This dataProcessor class will have three methods, dataLoader, dateParser and gvCreator. The last method is the driving method which internally calls other two methods. Let us look at the gvCreator method.

The dateParser method is called first within the gvCreator method in line 40. The dateParser method in turn calls the dataLoader method in line 23. The dataLoader method loads the customer data as a pandas data frame in line 18 and the passes it to the dateParser method in line 23. The dateParser method takes the custDetails data frame and then extracts all the date related fields from lines 25-35. We saw this in detail during the prototyping phase in the previous post.

Once the dates are parsed in the custDetails data frame, it is passed to gvCreator method in line 40 and then the ‘gross value’ is calcuated by multiplying the unit price and the product quantity. Finally the processed custDetails file is returned.

Now we will come back to the rlRecoMain file and the look at the three other classes, rfmMaker,rlLearn,rlRecomend, we import in line 5 of the file rlRecoMain.py. This is imported from the ‘processes’ folder. Let us look at the composition of the processes folder.

We have three files in the folder, processes.
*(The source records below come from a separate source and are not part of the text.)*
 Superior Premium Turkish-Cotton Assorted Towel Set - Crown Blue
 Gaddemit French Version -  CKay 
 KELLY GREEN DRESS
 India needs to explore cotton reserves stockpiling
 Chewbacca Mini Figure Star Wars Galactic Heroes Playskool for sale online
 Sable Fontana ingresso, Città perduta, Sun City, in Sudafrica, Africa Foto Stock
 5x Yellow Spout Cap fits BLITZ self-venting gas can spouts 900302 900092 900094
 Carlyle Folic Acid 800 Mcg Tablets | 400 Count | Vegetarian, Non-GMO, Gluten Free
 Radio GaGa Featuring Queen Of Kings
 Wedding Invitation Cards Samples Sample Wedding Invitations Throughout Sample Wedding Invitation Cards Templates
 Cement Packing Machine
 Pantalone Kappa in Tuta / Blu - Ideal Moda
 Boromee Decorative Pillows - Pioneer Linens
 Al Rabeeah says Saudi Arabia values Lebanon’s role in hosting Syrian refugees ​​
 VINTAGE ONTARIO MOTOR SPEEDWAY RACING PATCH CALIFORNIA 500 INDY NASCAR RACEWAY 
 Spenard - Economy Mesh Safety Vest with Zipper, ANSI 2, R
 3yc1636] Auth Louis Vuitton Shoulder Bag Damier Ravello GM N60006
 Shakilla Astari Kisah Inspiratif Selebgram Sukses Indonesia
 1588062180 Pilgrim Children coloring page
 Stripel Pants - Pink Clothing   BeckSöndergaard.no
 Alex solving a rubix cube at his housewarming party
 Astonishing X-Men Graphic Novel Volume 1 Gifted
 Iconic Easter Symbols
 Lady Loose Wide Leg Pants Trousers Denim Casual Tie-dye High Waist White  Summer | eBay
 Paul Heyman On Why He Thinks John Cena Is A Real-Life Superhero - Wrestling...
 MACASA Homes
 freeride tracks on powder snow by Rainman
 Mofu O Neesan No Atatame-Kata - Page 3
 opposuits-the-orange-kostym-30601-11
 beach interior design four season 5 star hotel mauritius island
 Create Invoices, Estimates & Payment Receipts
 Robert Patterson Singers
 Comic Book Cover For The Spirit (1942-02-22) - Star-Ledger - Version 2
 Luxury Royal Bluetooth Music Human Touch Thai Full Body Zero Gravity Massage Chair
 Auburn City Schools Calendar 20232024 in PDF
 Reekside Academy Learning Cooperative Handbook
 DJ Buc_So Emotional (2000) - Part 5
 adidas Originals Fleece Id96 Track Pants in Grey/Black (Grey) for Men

The first one is the __init__.py file which is the constructor to the package. Let us see its contentes. Open a file and name it __init__.py and add the following lines of code.

from .rfmProcess import rfmMaker
from .selfLearnProcess import rlLearn,rlRecomend

Create customer segmentation modules

In lines 1-2 of the constructor file we make the three classes ( rfmMaker,rlLearn and rlRecomend) available to the package. The class rfmMaker is in the file rfmProcess.py and the other two classes are in the file selfLearnProcess.py.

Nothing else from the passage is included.